**RECORDED DATA**

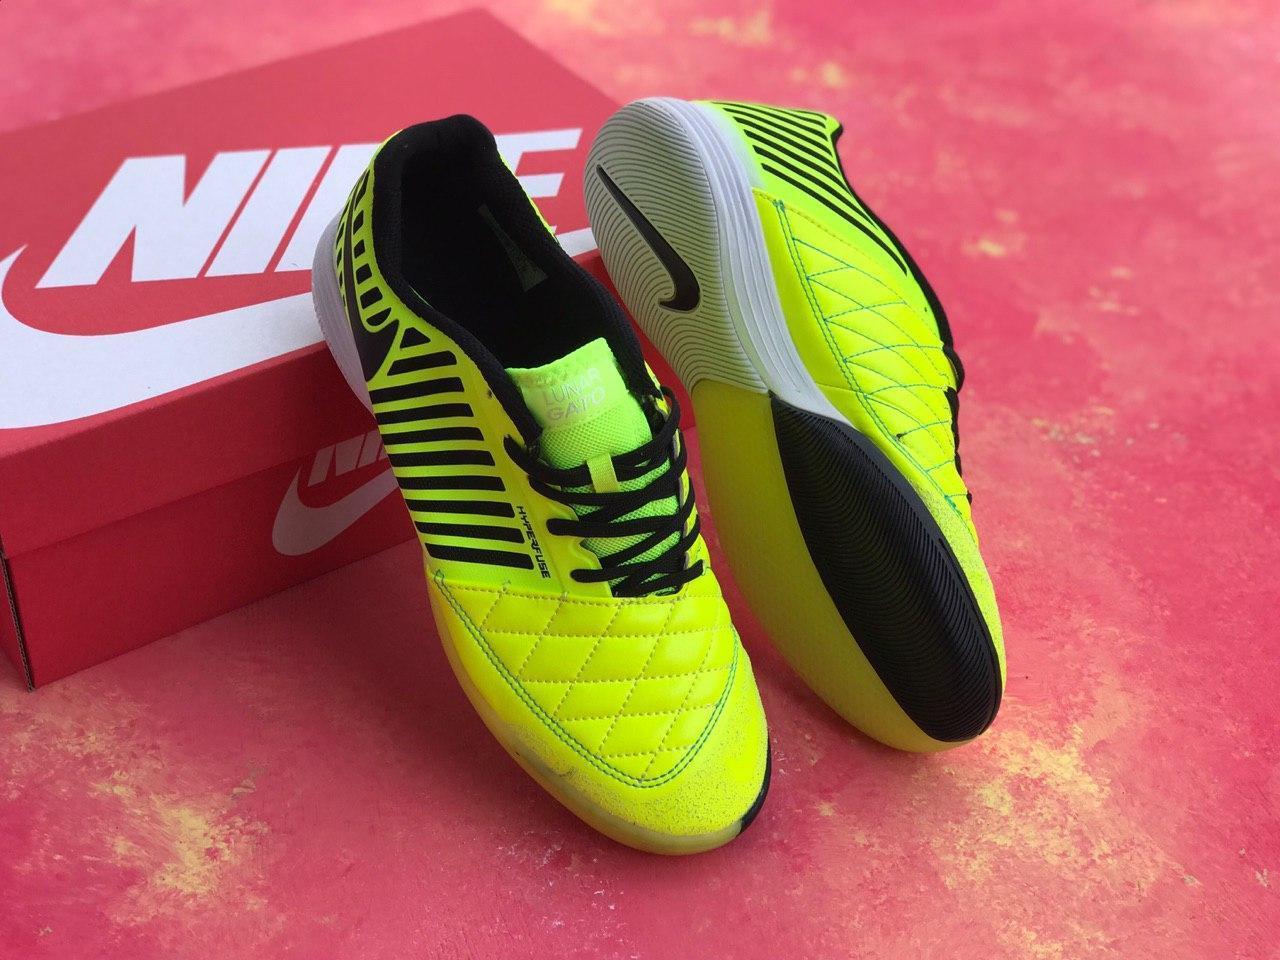 Футзалки Nike Lunar Gato II/найк лунар гато/футбольная обувь/залки
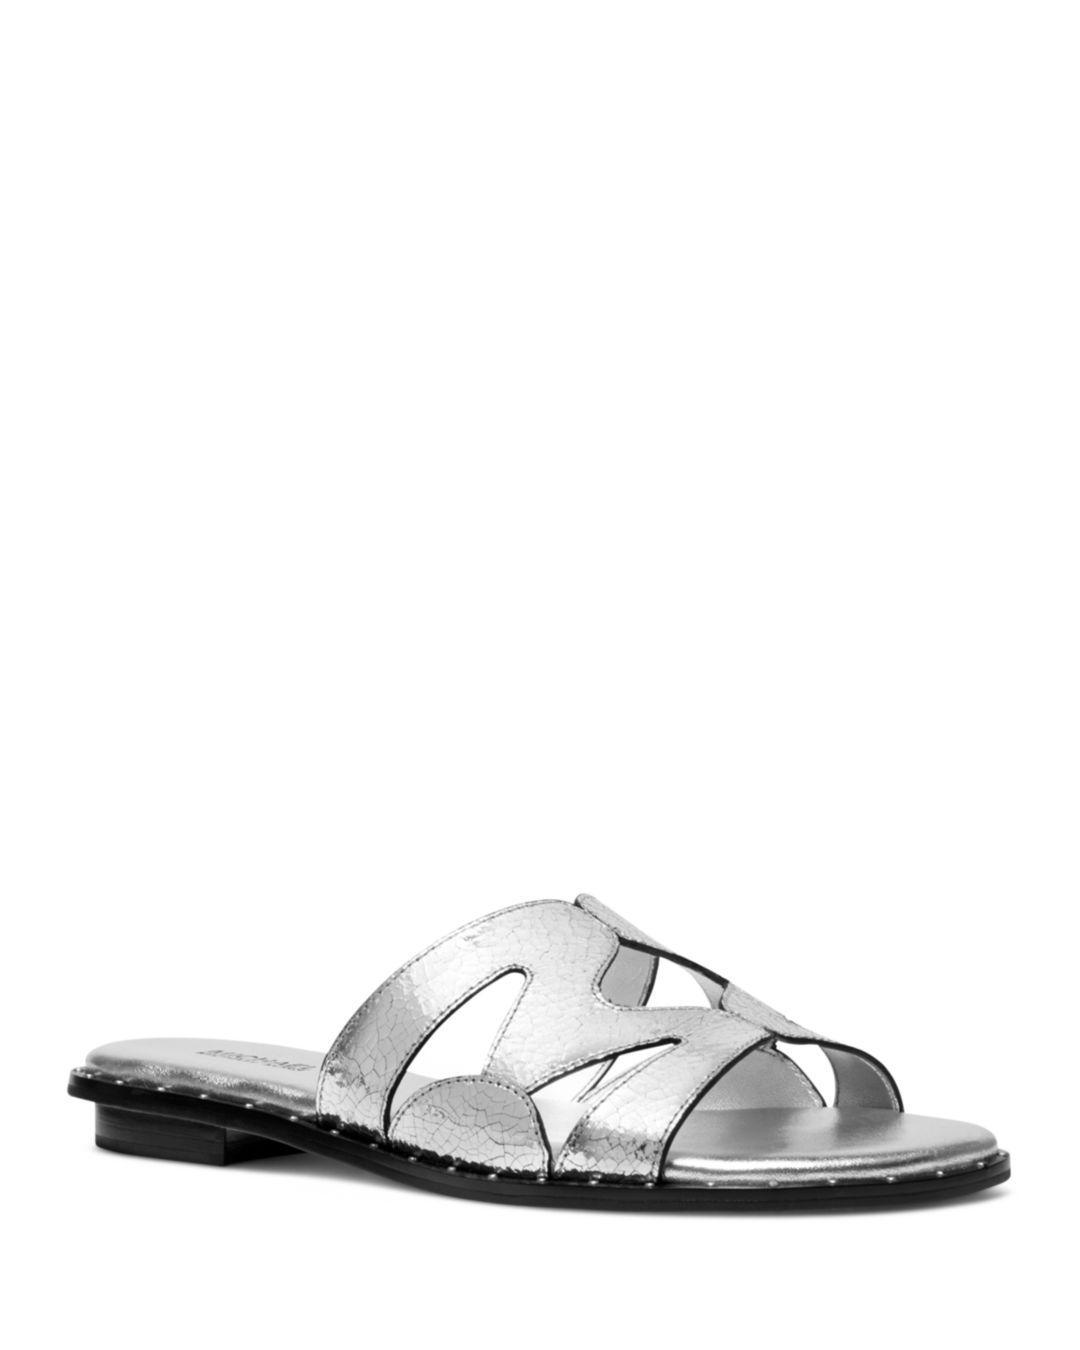 9c5d98e207a7 Lyst - Michael Kors Annalee Metallic Textured Leather Slide in Metallic
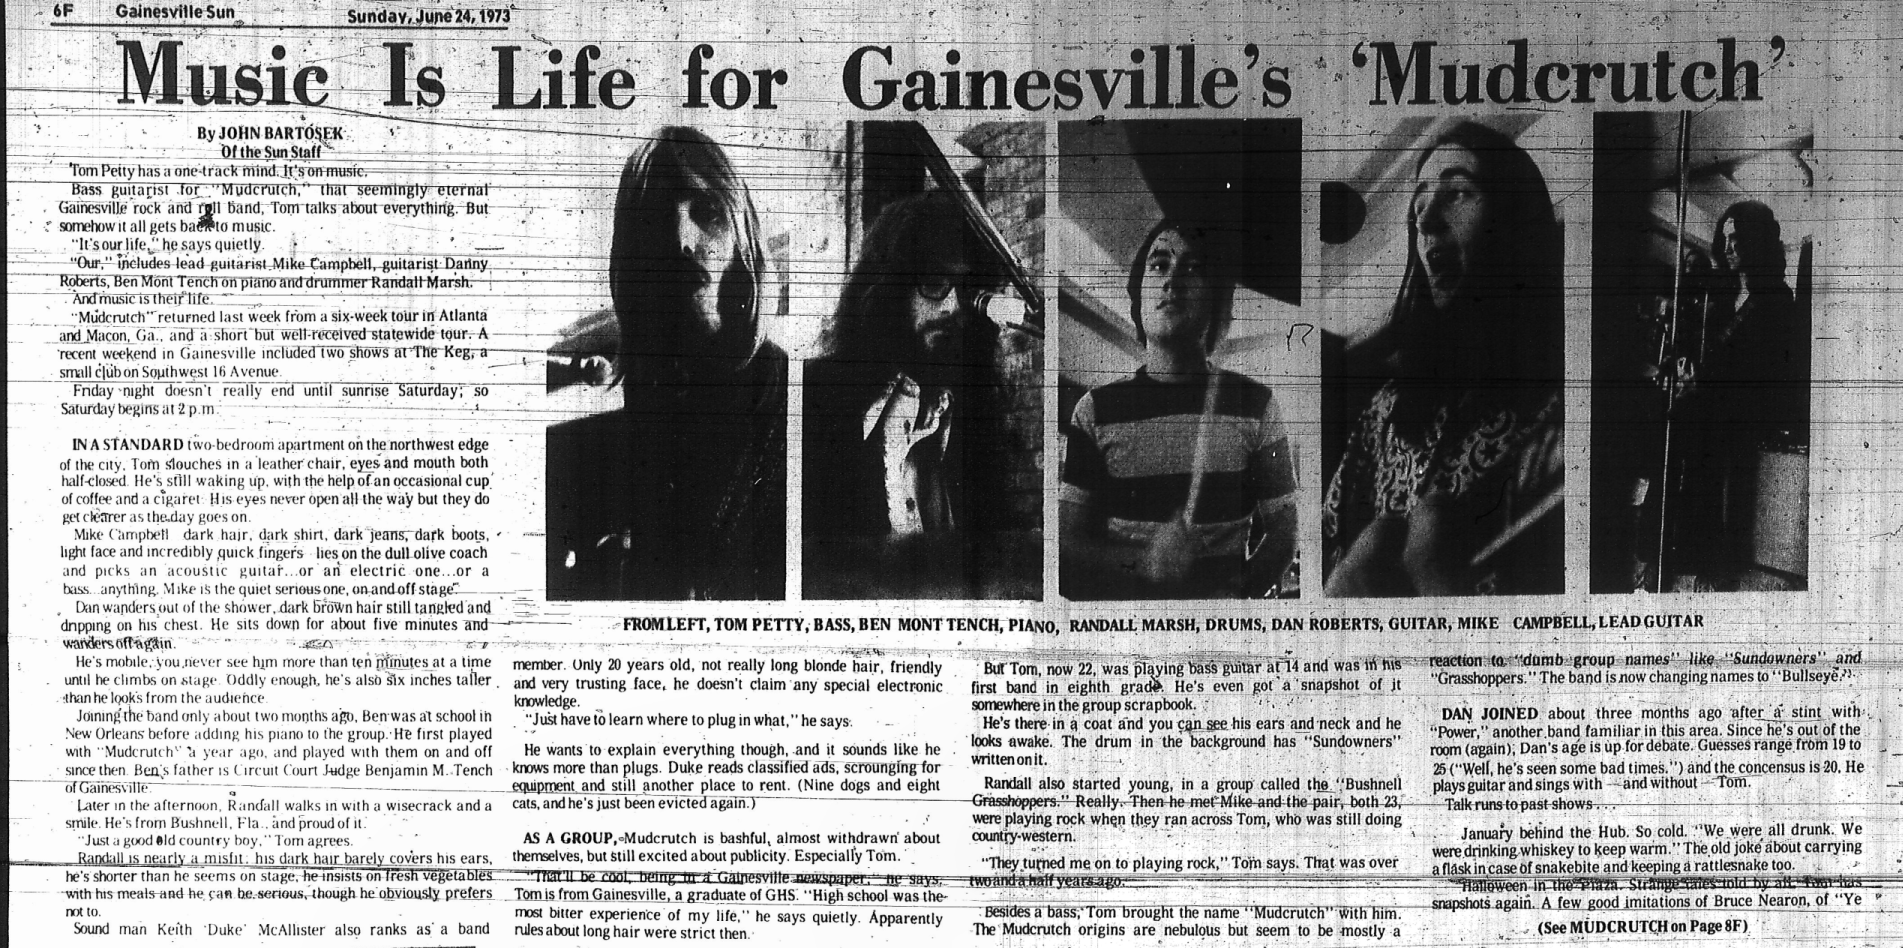 Gainesville Sun - June 24, 1973 - The Petty Archives

**YOUR ASSIGNMENT**
Above is a listing with pictures. Write it out exactly without them.

**THE ANSWER**
 Футзалки Nike Lunar Gato II/найк лунар гато/футбольная обувь/залки
 9c5d98e207a7 Lyst - Michael Kors Annalee Metallic Textured Leather Slide in Metallic
 Gainesville Sun - June 24, 1973 - The Petty Archives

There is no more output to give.